======== Provided data ========

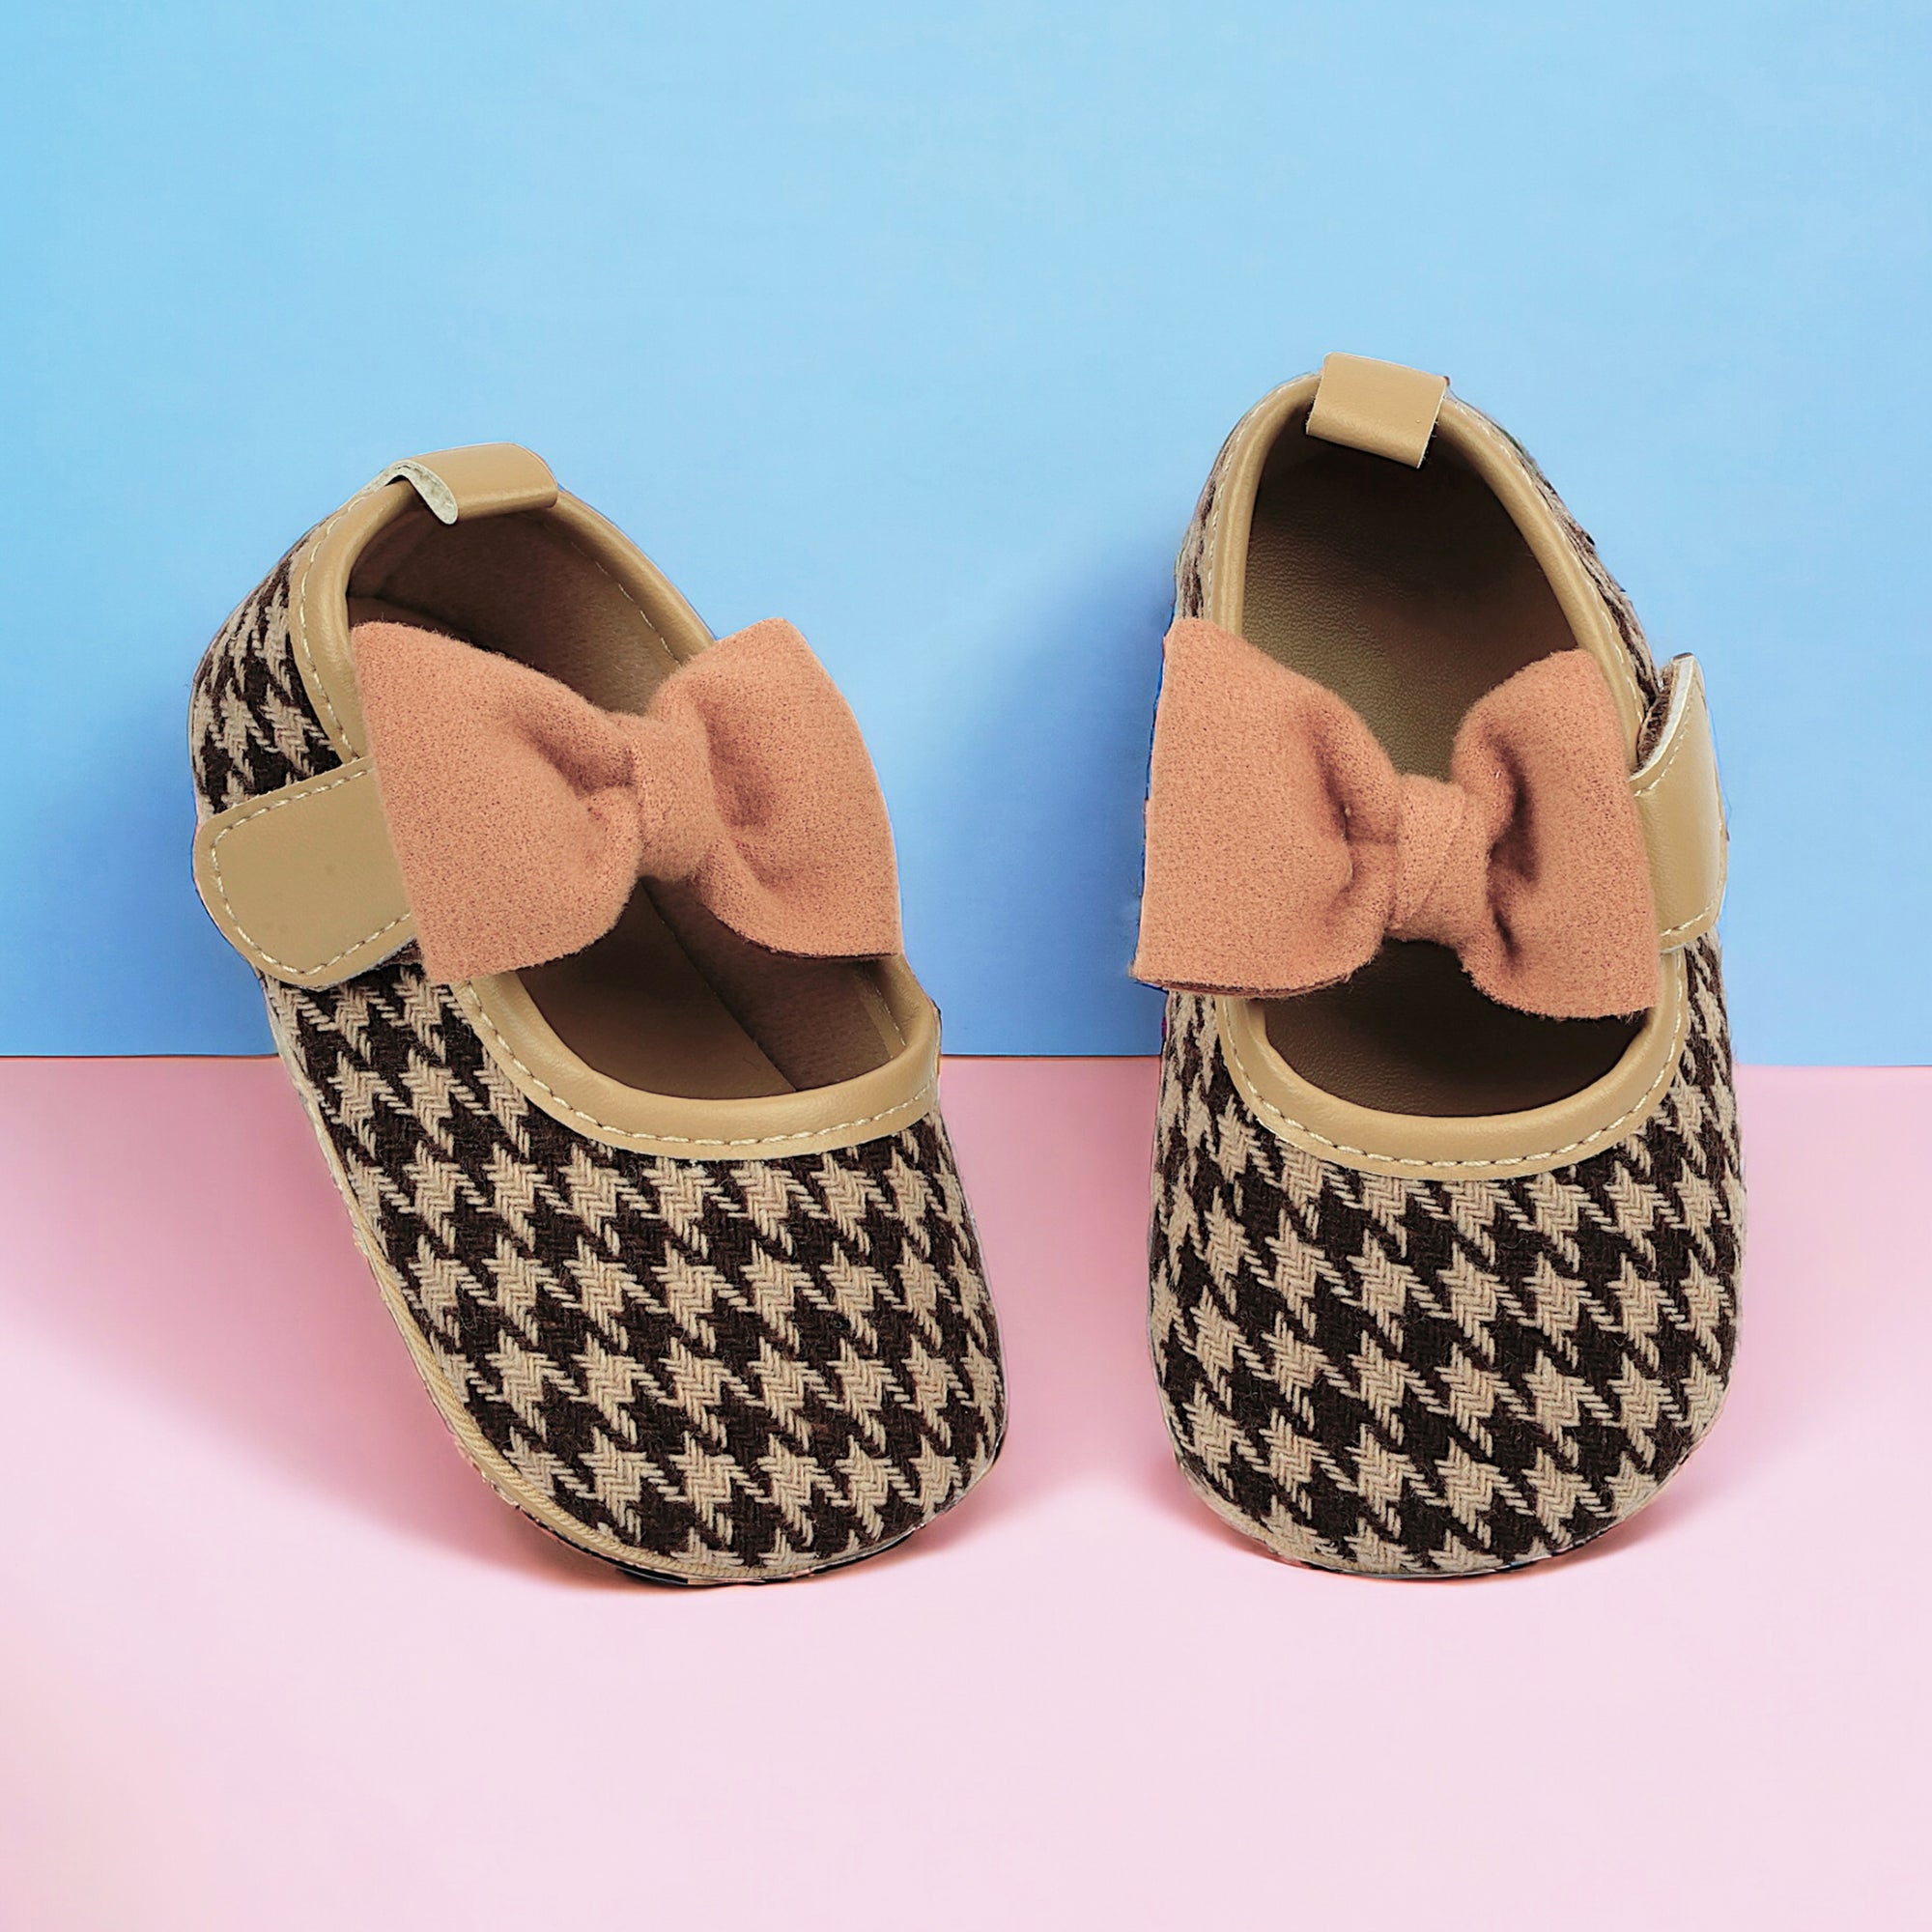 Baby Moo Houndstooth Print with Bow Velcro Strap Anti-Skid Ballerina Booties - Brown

========
======== Provided data ========

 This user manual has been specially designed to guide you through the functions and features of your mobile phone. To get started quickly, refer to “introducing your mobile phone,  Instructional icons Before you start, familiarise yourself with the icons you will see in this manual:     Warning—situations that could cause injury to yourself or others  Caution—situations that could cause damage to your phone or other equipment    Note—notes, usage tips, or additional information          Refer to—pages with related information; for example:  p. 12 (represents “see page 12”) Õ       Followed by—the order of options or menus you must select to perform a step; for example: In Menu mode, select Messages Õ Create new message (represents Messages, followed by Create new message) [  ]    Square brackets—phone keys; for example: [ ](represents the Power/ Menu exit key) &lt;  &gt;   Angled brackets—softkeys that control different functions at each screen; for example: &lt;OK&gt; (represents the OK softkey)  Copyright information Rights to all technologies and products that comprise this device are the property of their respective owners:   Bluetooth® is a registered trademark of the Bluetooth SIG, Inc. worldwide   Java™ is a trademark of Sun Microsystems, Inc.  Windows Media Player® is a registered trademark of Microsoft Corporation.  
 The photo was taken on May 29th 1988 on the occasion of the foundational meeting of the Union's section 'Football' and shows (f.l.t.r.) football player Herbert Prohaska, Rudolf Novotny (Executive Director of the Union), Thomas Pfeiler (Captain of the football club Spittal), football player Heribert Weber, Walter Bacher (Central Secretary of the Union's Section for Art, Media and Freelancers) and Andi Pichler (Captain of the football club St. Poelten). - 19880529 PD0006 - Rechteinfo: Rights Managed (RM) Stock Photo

========
======== Provided data ========

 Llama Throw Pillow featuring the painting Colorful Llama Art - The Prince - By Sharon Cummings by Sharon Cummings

========

Work out how many lines of the data include the word "Media", and write that number alone.

# Response area
2